=== PROBLEM ===
Repeat the stretch of entries below from the line with "Loss of Coca Cola by Cristiano Ronaldo" through the line with "Les montagnes de l'extrémité". Include both ends and add nothing.

:: DATA RECORDS

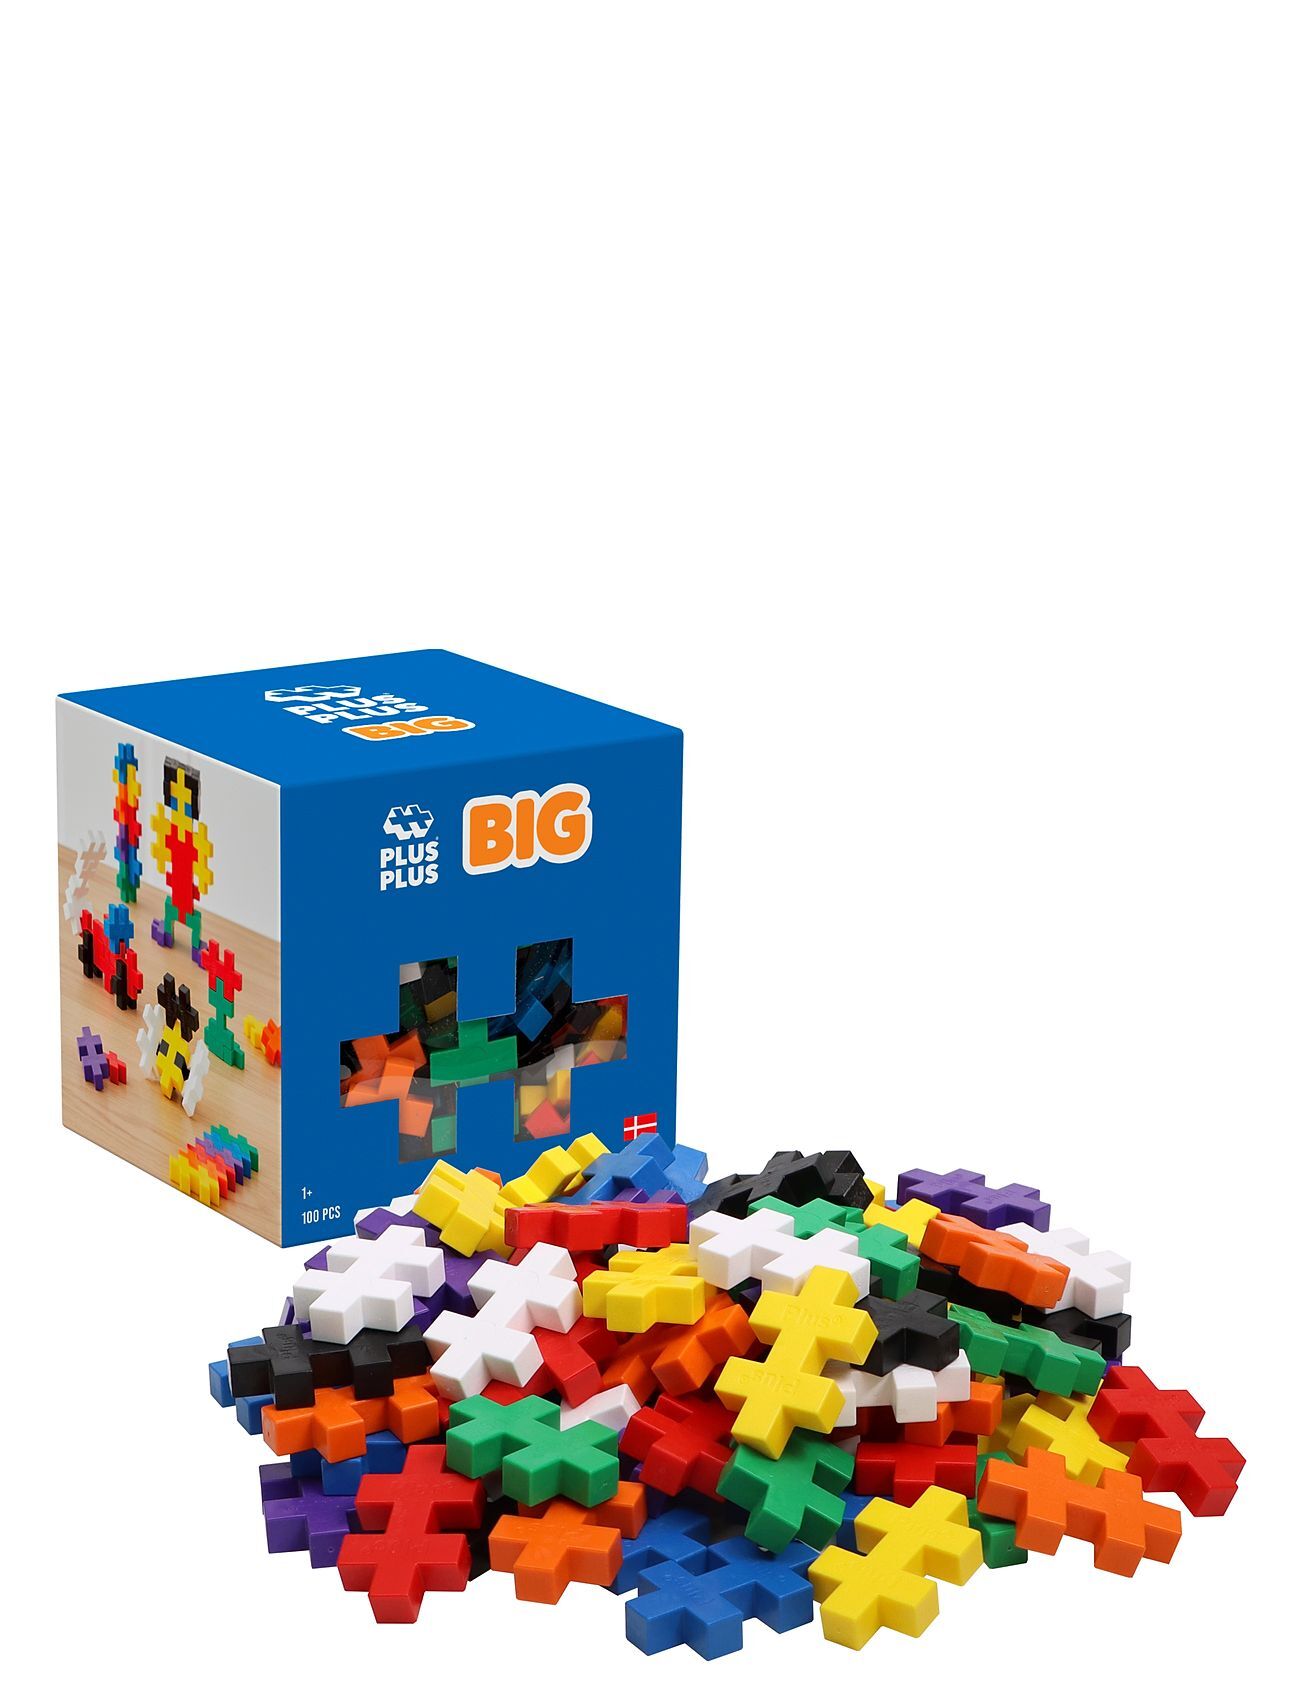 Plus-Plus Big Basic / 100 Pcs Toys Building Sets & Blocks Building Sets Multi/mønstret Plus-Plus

::::
:: DATA RECORDS

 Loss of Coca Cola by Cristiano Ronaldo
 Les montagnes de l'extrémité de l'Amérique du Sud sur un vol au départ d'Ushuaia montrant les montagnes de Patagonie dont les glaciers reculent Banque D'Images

::::
:: DATA RECORDS

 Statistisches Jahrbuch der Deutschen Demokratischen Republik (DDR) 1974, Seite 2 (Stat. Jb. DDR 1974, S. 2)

::::

=== OUTPUT FOR THIS TASK ===
 Loss of Coca Cola by Cristiano Ronaldo
 Les montagnes de l'extrémité de l'Amérique du Sud sur un vol au départ d'Ushuaia montrant les montagnes de Patagonie dont les glaciers reculent Banque D'Images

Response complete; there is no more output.